2.7 Intellectual Property Rights

Failure to think about Intellectual Property Rights at the start of your study may cause legal dispute and it can lead to limitations to the research, its dissemination, future related research projects, and associated profit or credit. Designing a study may already lead to protectable ideas. Ask yourself questions like ‘Is the outcome usable for further research? Is it usable for a product or service? Does it need additional protection (e.g., with a patent or copyright)?’ On the other hand, if you wish to allow others to reuse your data, it may be advisable to make this explicit, e.g., through a Creative Commons license, giving the public permission to share and use your work on conditions of your choice. It is advisable to contact a Technology Transfer Office (TTO) at the start of your study and before sharing data. They can help create written agreements on when to share what data with whom under what circumstances. Such agreements should also be included in a consortium agreement.

2.8 Data Access

Clinical researchers are responsible for describing the data access and sharing policy of their study. This policy should be tailored to the project and devised prior to collecting data, allowing some room for later adaptations. According to the FAIR principles, all research datasets should at least be findable (including non-sensitive data, metadata, and aggregated data about the study) and the conditions under which the data are accessible should be clear. Clinical researchers are obliged to share their data with monitoring bodies upon request (e.g., internal audits). A data access policy should take into account a number of considerations (see Sect. 4.7). Many research institutions have their own Data Governance Policy, which may include the instalment of a Data Access Committee that plays a role in the permission of sharing data with third parties.

3 Privacy and Autonomy

Clinical research calls for careful attention to the privacy and autonomy of the people involved.

3.1 Informed Consent

Informed consent aims at informing potential study subjects of all aspects of participation, including the procedures for data handling, data access, and anonymity. An informed person can freely decide to participate or not. If someone does participate, he or she understands and accepts the risks and burdens involved in that participation. Informed consent also is a crucial aspect of the GDPR. Regarding data management, the informed consent should include the person’s wishes about:

  • the use and reuse of the data for research in the current and future projects (including the options for data filtering: which data may be used for research);

  • notification about incidental research findings (special concern is required for results that cannot be interpreted now, but may be interpretable in the near future);

  • which data he/she can access, if applicable;

  • the possibility to withdraw certain aspects of informed consent and the consequences;

  • data use by commercial parties.

In general, it is very difficult to re-contact patients or study subjects to extend or change the consent. So, it is best to obtain informed consent for storing clinical and personal data for the purpose of both healthcare and future scientific research, each with a separate informed consent. In addition, patients should always be able to retract their consent, so your system should allow for data to be removed. Consent should be documented along with the collected data, so subsequent users of the data are aware of the conditions agreed to by study subjects. Most research institutions have access to an ethical committee that can help design your informed consent procedure.

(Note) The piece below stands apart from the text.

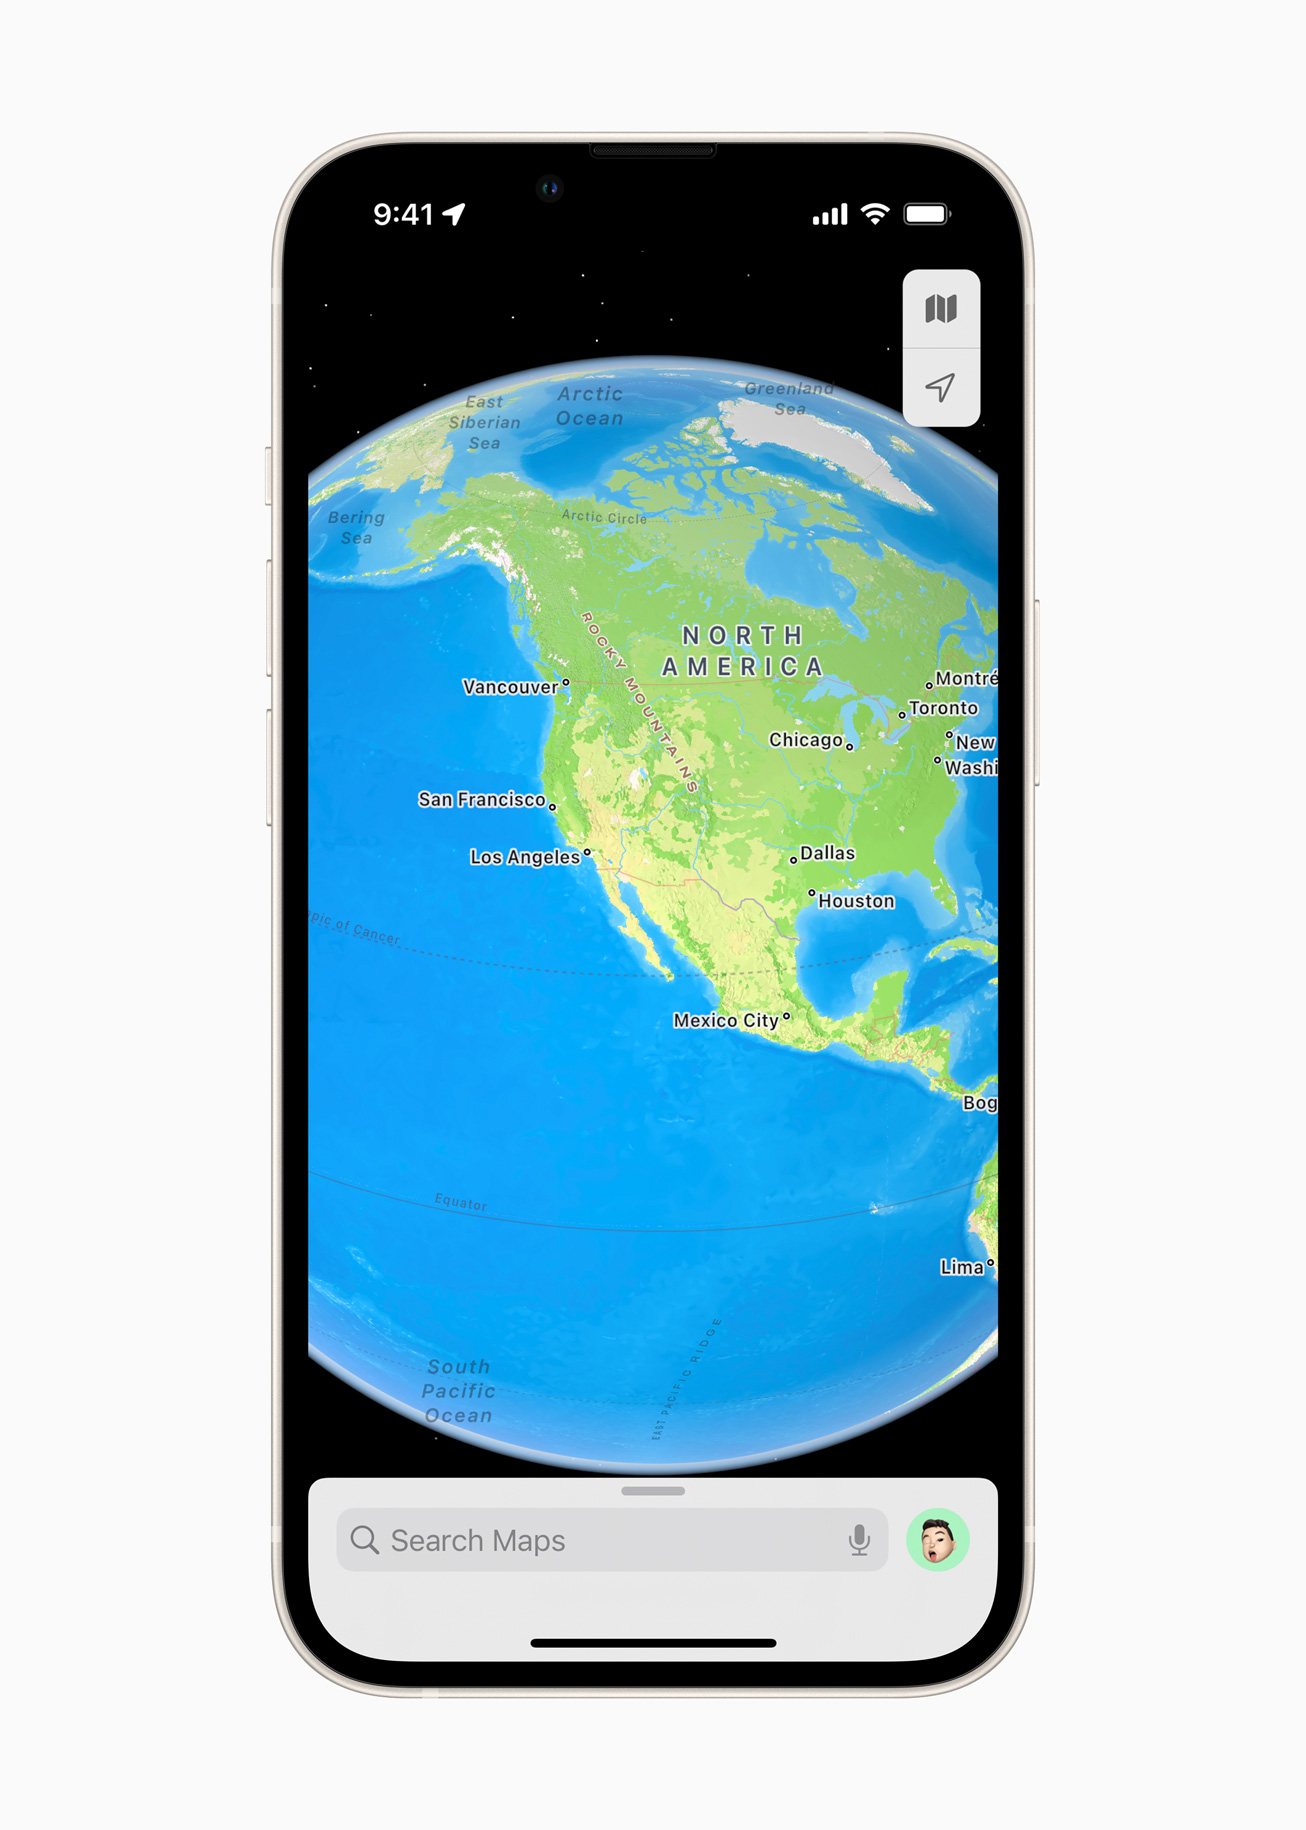 Apple Maps introduces 3D street-level and 360-degree view to explore major cities.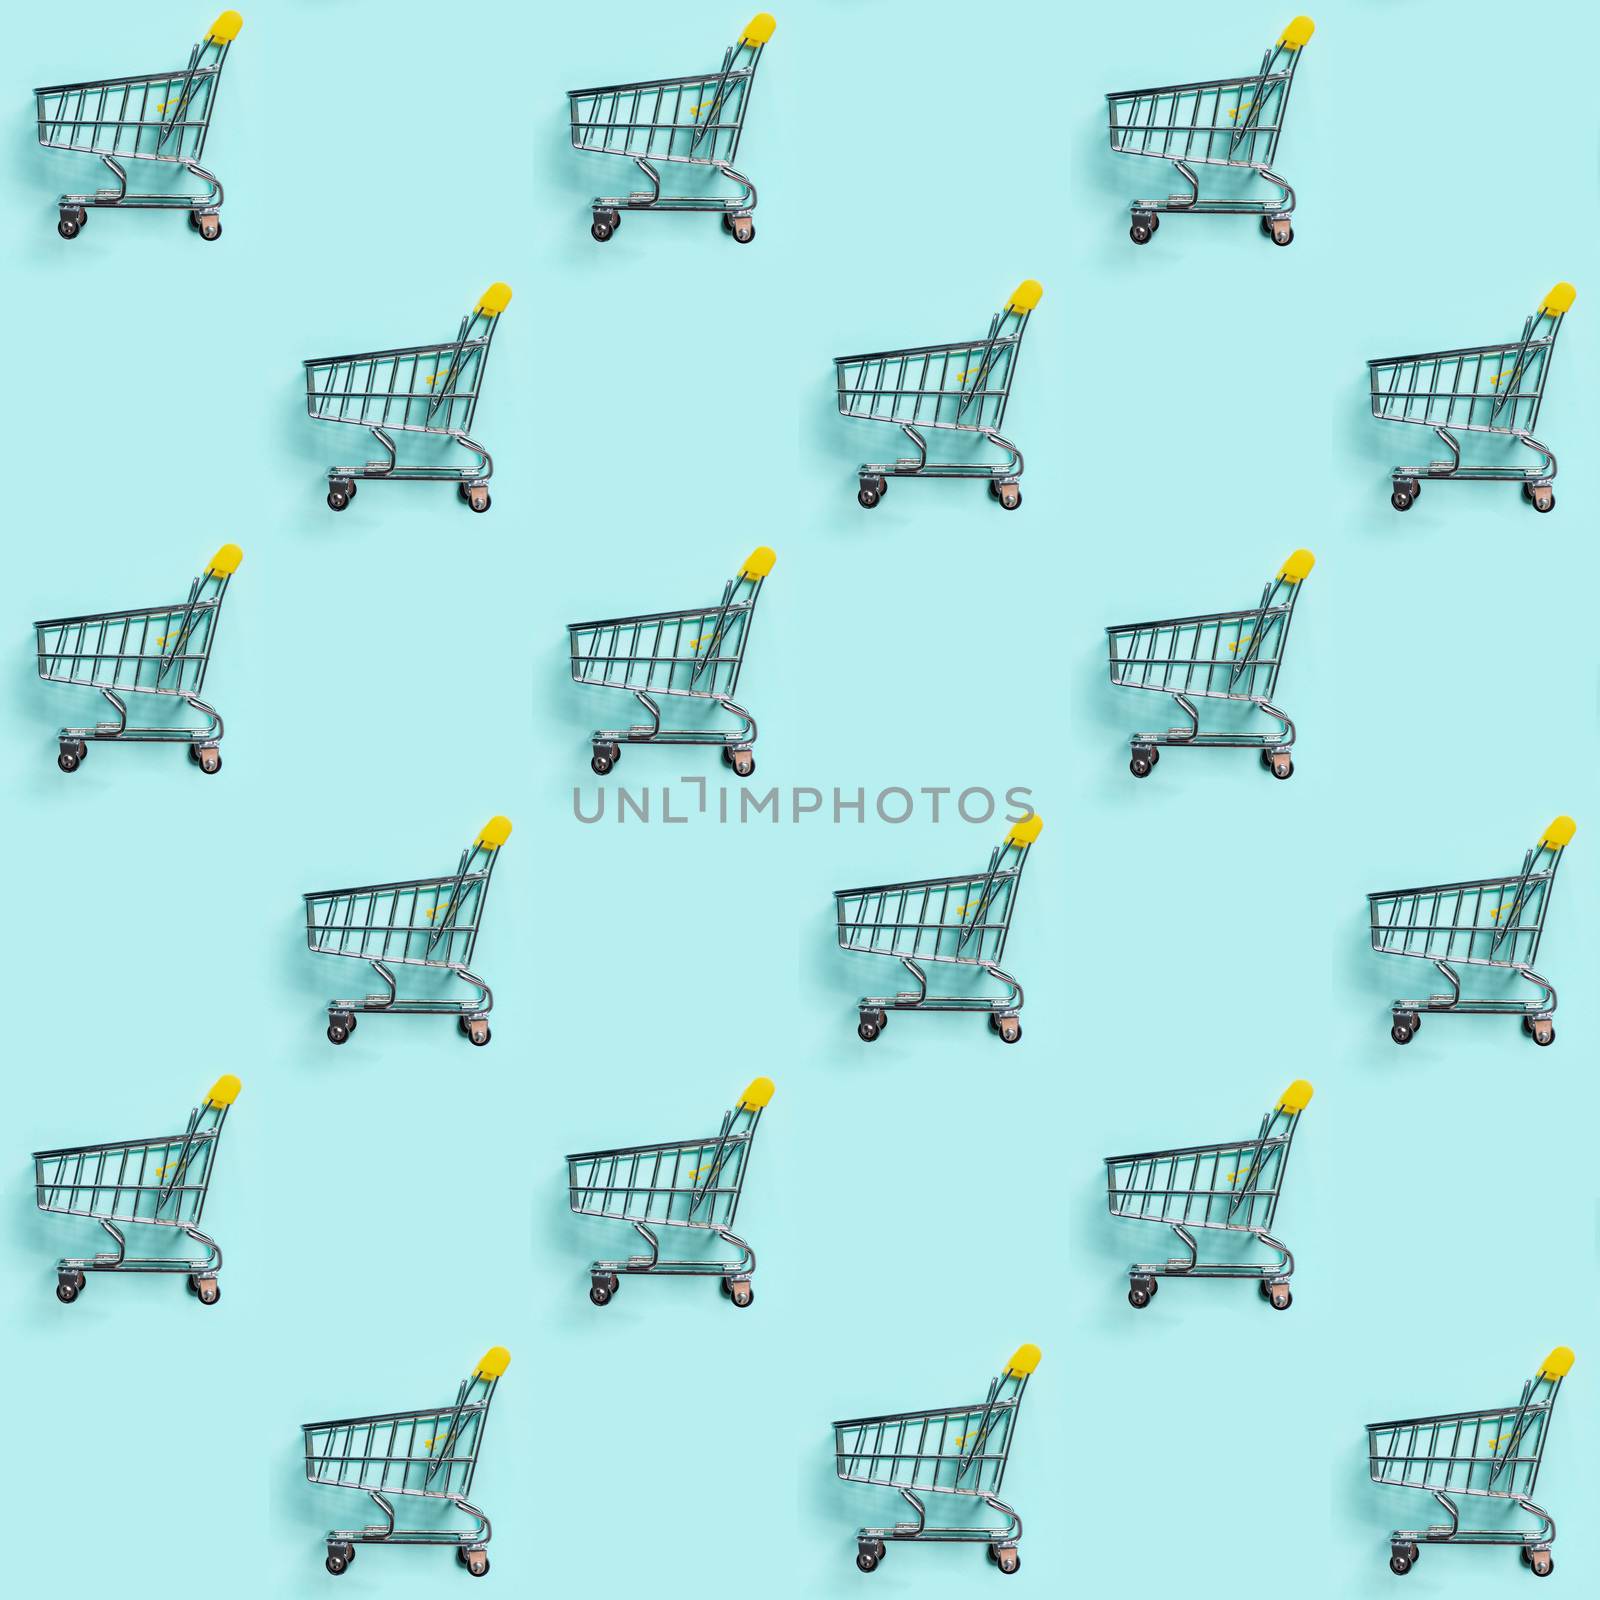 Shopping cart staggered on blue. Seamless pattern by fascinadora

3.2 Care and Research Environment

It is important to distinguish between the care environment (i.e., data that is used for diagnosis and treatment of patients or self-evaluation of healthcare providers) and the research environment (i.e., data that is used to answer scientific questions). Nowadays, these two data environments are increasingly integrated. However, the distinction is important because different laws and guidelines apply to the two environments and these laws may even conflict.

Having said that, healthcare and scientific research can reinforce each other. For instance, data collected in a care environment may be used to answer research questions. Data collected in a research environment may travel back to the care environment as ‘unexpected incidental findings’ crucial to be communicated to the study subject. Data collected in a research environment may also be used in the clinic to avoid double data collection (e.g., collection of quality of life data in intervention trials). You should take special measures when you reuse data collected in the care environment for scientific research and vice versa. For instance, research data usually undergoes less stringent quality control than clinical data and extra checks are required before using research data in the clinic, including an extra verification of the identity of the study subject.

3.3 Preparing Sensitive Data for Use

Processing your data for scientific research or statistical analysis should be subject to appropriate safeguards for the rights and freedoms of the data subjects, in accordance with the GDPR. Those safeguards should ensure that technical and organisational measures are in place, in particular in order to ensure respect for the principle of data minimisation. Any research data should be anonymised or pseudonymised. Anonymisation means processing data with the aim of irreversibly preventing the identification of the person to whom it relates. Pseudonymisation means replacing any identifying characteristics of data with a pseudonym, i.e., a value which does not allow the person to be directly identified. Pseudonymisation only provides limited protection for the identity of data subjects as it still allows identification using indirect means. You may consider involving a trusted third party (TTP) to encrypt and decrypt identifiers. In all cases, the translation table between the research code and the identifying patient information should be stored and managed separately from the research database.

4 Collecting Data

Two key principles should guide research data stewardship in the data collection phase: ensuring the scientific integrity of the study and protecting the privacy of study subjects and researchers. This includes ensuring data quality, protecting the data from malicious access, and safeguarding the ability to interpret the data correctly. You can ensure all of this by:

  • implementing a suitable data management infrastructure;

  • implementing a data validation step after initial data entry;

  • including documentation (metadata) to add context to the data;

  • taking data protection measures.

In addition, you should use a standardised protocol for data collection in order to allow others to reuse your data in the future, using the terminologies and standards that are accepted your research field. The best time to consider and describe all these issues is at the start of your research project.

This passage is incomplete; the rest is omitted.